Lorsque son heure est arrivée, Pereira n’a pas laissé passer sa chance.
Et cette célébration, devenue l’une des images fortes de la soirée, restera elle aussi dans les mémoires. Après avoir marqué, elle a donné un coup au poteau de corner avant de laisser éclater sa joie.
Elle en sourit encore aujourd’hui.
« C’était une émotion pure. À cet instant, je ne pensais à rien. Je vivais simplement le moment. J’ai déjà revu l’action et, aujourd’hui, cela me fait rire parce que c’était une réaction totalement spontanée de quelqu’un qui venait de marquer le premier but du Cap-Vert à la CAN. »
Ce but restera bien plus qu'une ligne dans ses statistiques.
« Je retiens la fierté d’avoir représenté mon pays, les émotions que j’ai vécues et la certitude qu’avec du travail et de la persévérance, il est possible d’ouvrir la voie à d’autres athlètes. Ce moment restera pour toujours. »

Et maintenant ?
Pour Pereira, cette première participation à la CAN ne doit pas constituer un aboutissement. Bien au contraire.
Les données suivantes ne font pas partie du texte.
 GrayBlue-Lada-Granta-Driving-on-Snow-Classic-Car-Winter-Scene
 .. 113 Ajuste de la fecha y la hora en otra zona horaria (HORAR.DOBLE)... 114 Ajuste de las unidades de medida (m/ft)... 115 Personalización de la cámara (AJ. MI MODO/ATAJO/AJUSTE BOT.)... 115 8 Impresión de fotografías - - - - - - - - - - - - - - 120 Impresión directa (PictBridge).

La joueuse de Valadares Gaia FC veut désormais voir le football féminin poursuivre son développement au Cap-Vert.
« Je crois que le football féminin cap-verdien a un avenir très prometteur. Nous avons déjà franchi une étape importante en nous qualifiant pour la CAN, mais ce n’est que le début. »
La suite, selon elle, passera par un investissement accru dans la formation et les joueuses.
« Il est désormais essentiel de continuer à investir dans les athlètes, de renforcer la sélection nationale, de créer davantage d’opportunités pour les jeunes filles dès leur plus jeune âge et de valoriser celles qui représentent le pays. Lorsque nous croyons en nos joueuses et que nous leur donnons les conditions nécessaires pour progresser, l’avenir devient beaucoup plus grand que ce que nous pouvons imaginer. »
Quelques jours après son entrée dans l’histoire, le Cap-Vert a décroché son premier point en phase finale de la CAN, en obtenant un match nul (1-1) face au Cameroun lors de la dernière journée du groupe D.
Une nouvelle étape pour une sélection qui découvre la scène continentale et représente le plus petit pays jamais engagé dans la compétition, avec une population d’un peu plus d’un demi-million d’habitants.
Et au cœur de cette première aventure, un nom est désormais gravé dans l’histoire : Evy Pereira.